▸ **Data below**
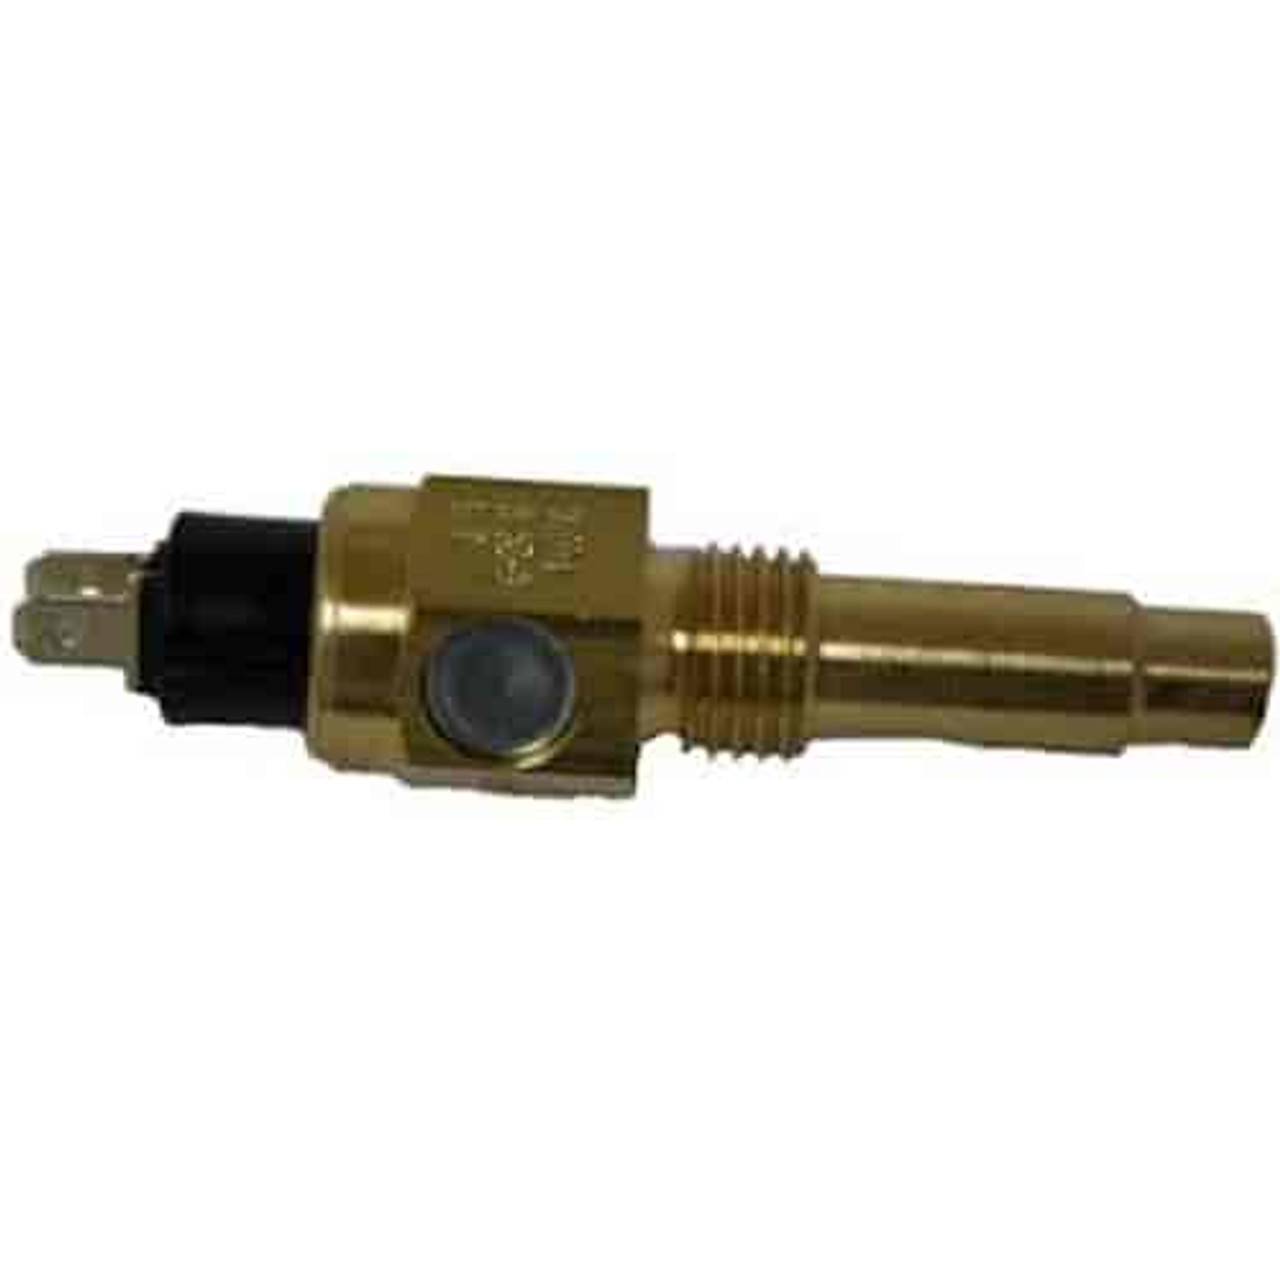 VDO Temperature Sender 250 Degrees F/ 120 C, Part Number #323-102, 14n x 1.5 Thread.

Single Station (for one gauge), Standard Ground. For use with VDO or other Mfgs. 10-180 Ohm Range Gauges.



INSTALL NOTE: Sender Threads are Self-Sealing. Use of Sealing Compounds Will Affect Sender Output.

          Can't Find What You are looking for... Contact our Technical Support Staff!

▸ **Task item**
The expected output is a verbatim retyping of each line from the one with "INSTALL NOTE: Sender" to the end of the listing above, with both end lines kept and nothing added.

▸ **Your solution**
INSTALL NOTE: Sender Threads are Self-Sealing. Use of Sealing Compounds Will Affect Sender Output.

          Can't Find What You are looking for... Contact our Technical Support Staff!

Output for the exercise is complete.